9. Child Eating Behaviour

Parents are influenced, in turn, by their children’s behaviours and characteristics. Parents of preschool children have been found to adapt their controlling feeding practices in response to their child’s weight: they tend to pressure infants who are lighter and have a smaller appetite, and restrict infants with larger appetites, in particular, if they are bottle-fed [58]. Similar findings have been reported for appetitive behaviour, with parents exerting more pressure on a child who shows less interest in food and being more restrictive with a child who is very food responsive [59]. The use of food as a reward and restriction of food for health reasons with 3–5-year-old children may be responsible for a high intake of food during periods of negative emotion at 5–7 years of age [60].
Excessive control of 5–7-year-old children’s food intake may unintentionally teach children to eat palatable foods to manage negative emotions. The effects of restriction, then, differ by children’s regulatory and appetitive tendencies. Greater increases of intake in response to restriction were observed among children with lower inhibitory control who found the restricted food highly reinforcing and who had previous experience with parental use of restriction [61].

10. Food Preferences

Recognition of tastes and odours develops before birth during foetal development, as the foetus swallows amniotic fluid, which is flavoured by the mother’s diet, including aromatic compounds such as garlic, anise, and onion. There is considerable interest in prenatal programming of taste preferences as it may influence early acceptance of nutritious foods [62].
Early in life, most infants and children prefer sweet and salty flavours. Sweetness is a potent psychobiological stimulus for many animal species, particularly for humans of all ages. Sweetness clearly increases the palatability of foods and beverages, stimulating intake [63]. Bitter flavours, such as those in some vegetables, are often rejected when first experienced, but accepted with increased exposure. Perception of taste may be varying between individuals depending on variations in taste receptors genes [64]. After birth, breast-fed infants are still exposed to flavours from the maternal diet. In contrast, formula-fed infants learn to prefer its unique flavour profile and may accept, later on, a varied diet with more difficulty [64]. Regardless of early feeding mode, infants can learn through repeated exposure and dietary variety if caregivers focus on the child’s willingness to consume a food and not just the facial expressions made during feeding. Introduction to a variety of fruits and vegetables and limiting non-core food exposure from an early age are important strategies to improve later diet quality.

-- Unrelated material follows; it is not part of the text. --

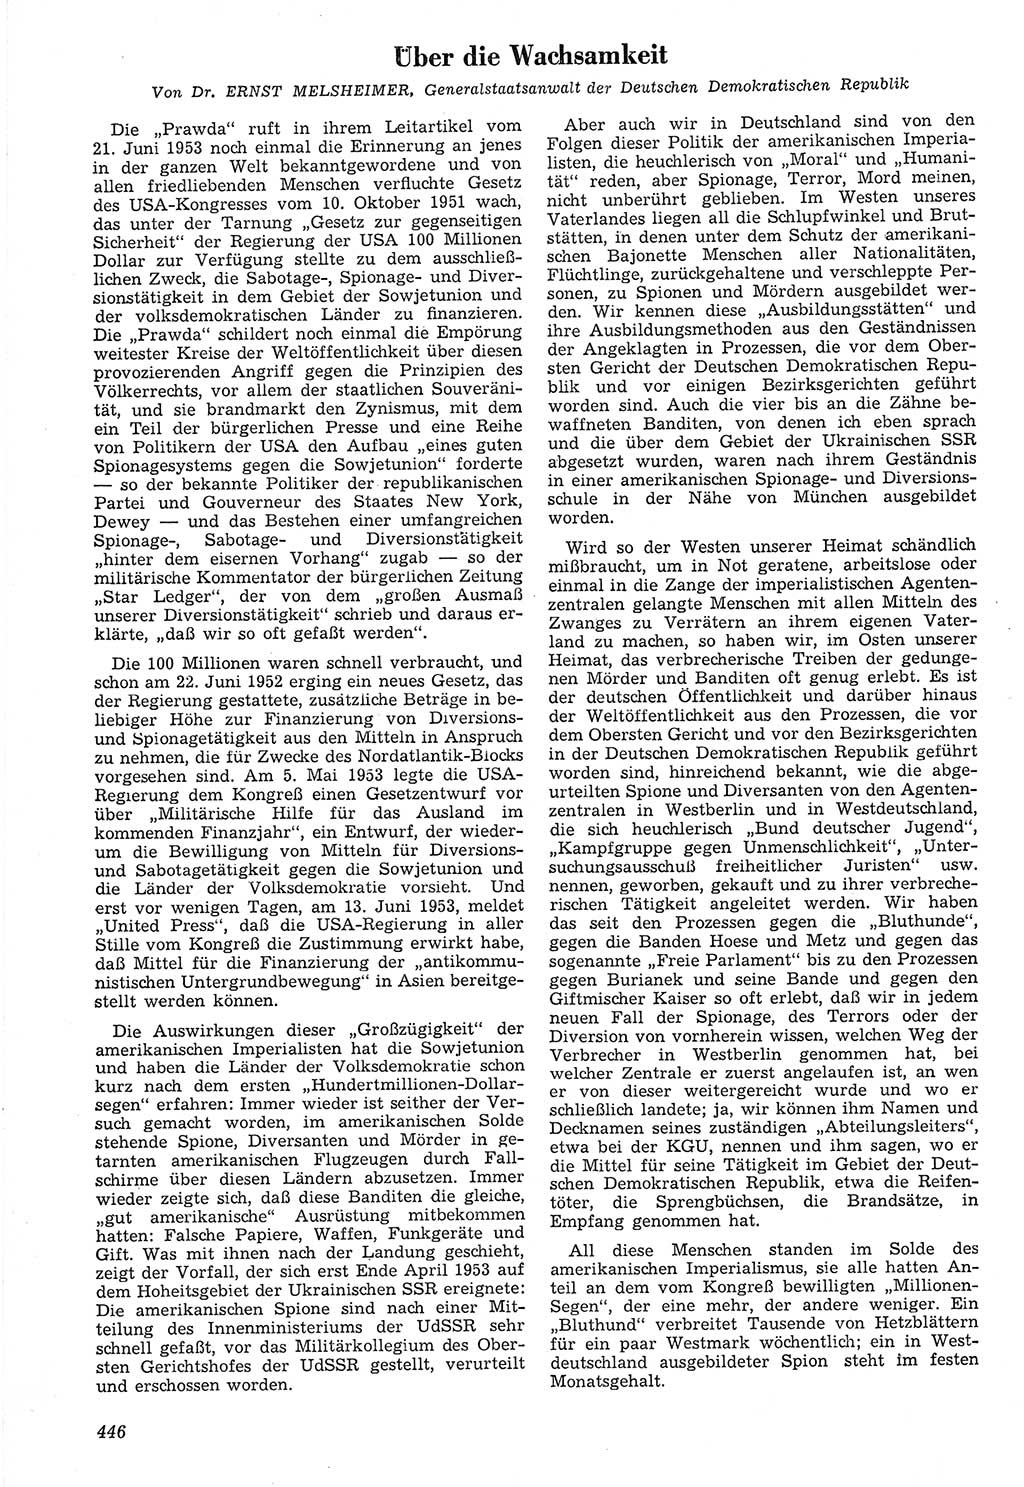 Neue Justiz (NJ), Zeitschrift für Recht und Rechtswissenschaft [Deutsche Demokratische Republik (DDR)], 7. Jahrgang 1953, Seite 446 (NJ DDR 1953, S. 446)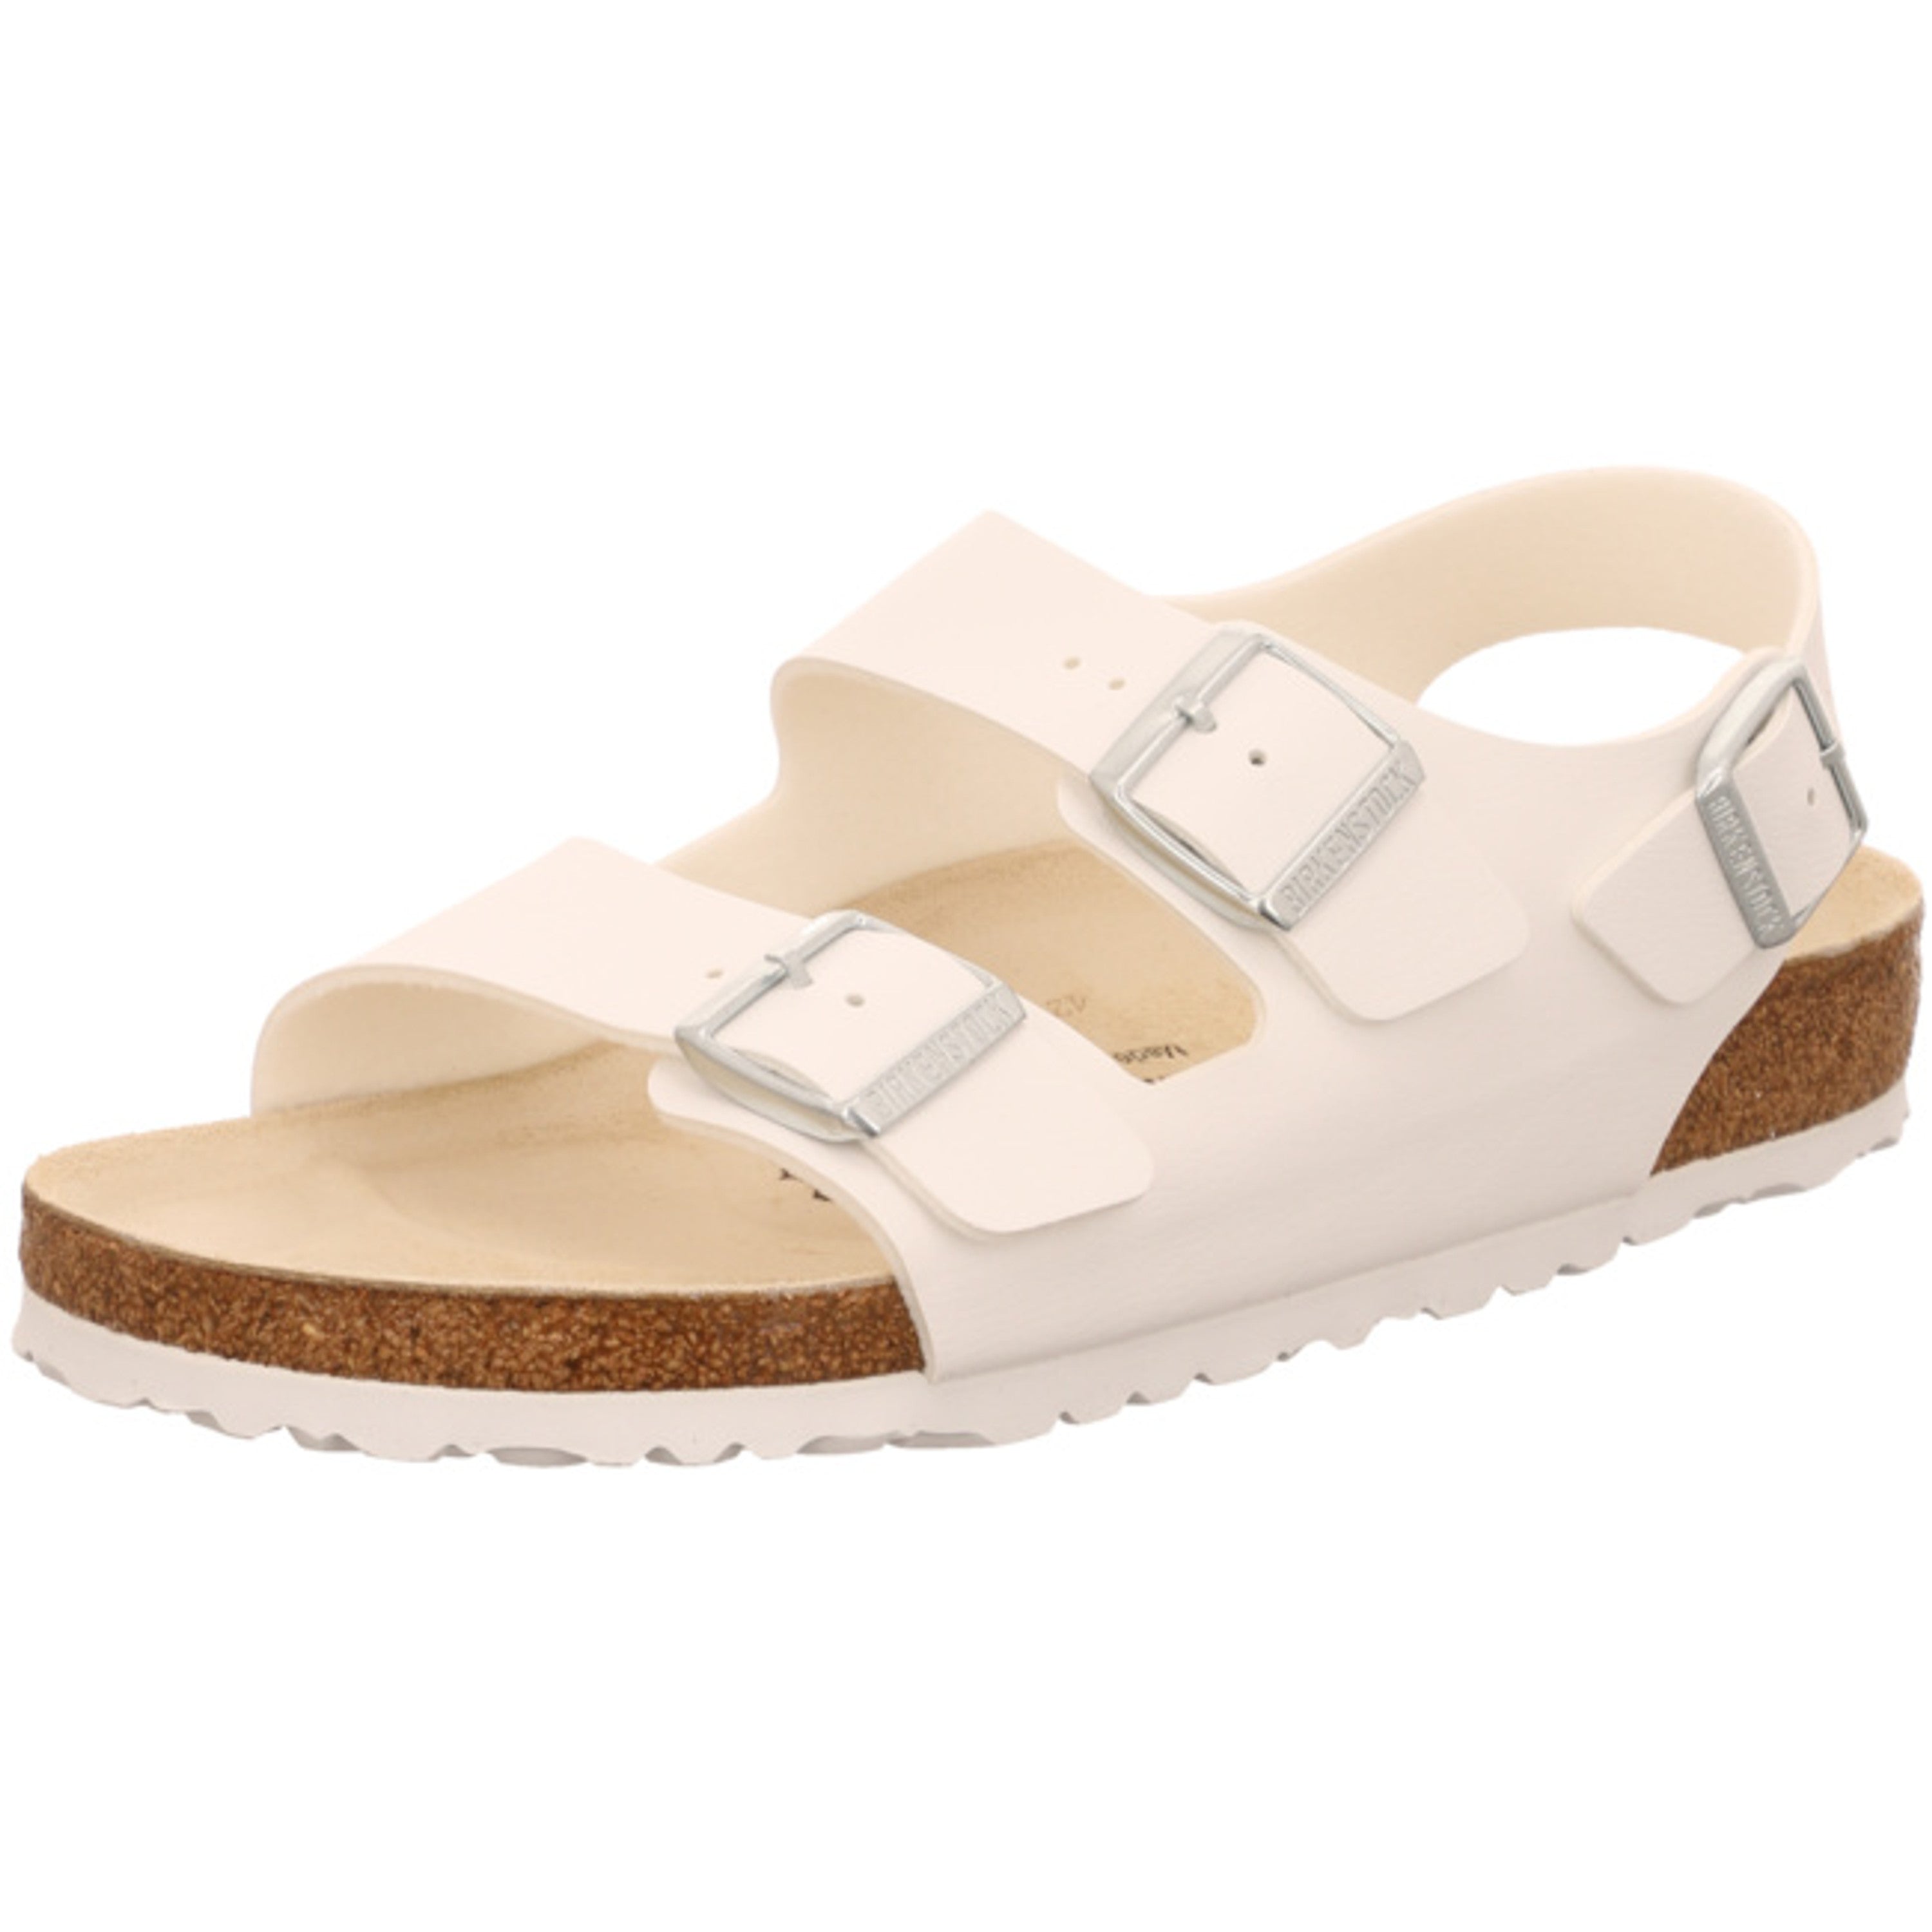 Birkenstock Milano Ankle Strap regular White Birko Flor Buckle Shoes Strappy Slingback Sandals Slippers - Bartel-Shop

Hetherington et al. conducted a randomized intervention study on intake and liking of vegetables with 36 mothers and infants. They tested a step-by-step exposure to vegetables, first in milk, and then in rice, during complementary feeding periods. They concluded that early exposure to vegetables in a step-by-step protocol could be successfully introduced in complementary feeding guidelines [65].
In some cultures, children are deliberately exposed to strong flavours. For example, in Mexico, they are given food flavoured with chilli peppers at gradually increasing strength. Learning to like initially unpalatable foods may be part of a process of socialization. Individual patterns of food preferences and eating behaviours emerge and differ, depending on the foods offered and on the contexts of feeding during the complementary feeding. Infants who were previously exposed to a greater variety of solid foods show fewer rejection behaviours in response to later offers of novel foods [66]. Food neophobia, the predisposition for rejecting unfamiliar or unknown foods, is a normal developmental phase, that typically peaks between 2 and 6 years of age. Children who are more neophobic tend to most commonly show lower preference for vegetables [67]. The related construct of food “fussiness” [or “pickiness”] has also been linked with lower dietary variety and quality. Fussier children, in addition to refusing new foods, often eat a very narrow range of foods [67]. Like neophobia, fussiness has been linked with decreased consumption of plant-based foods [68].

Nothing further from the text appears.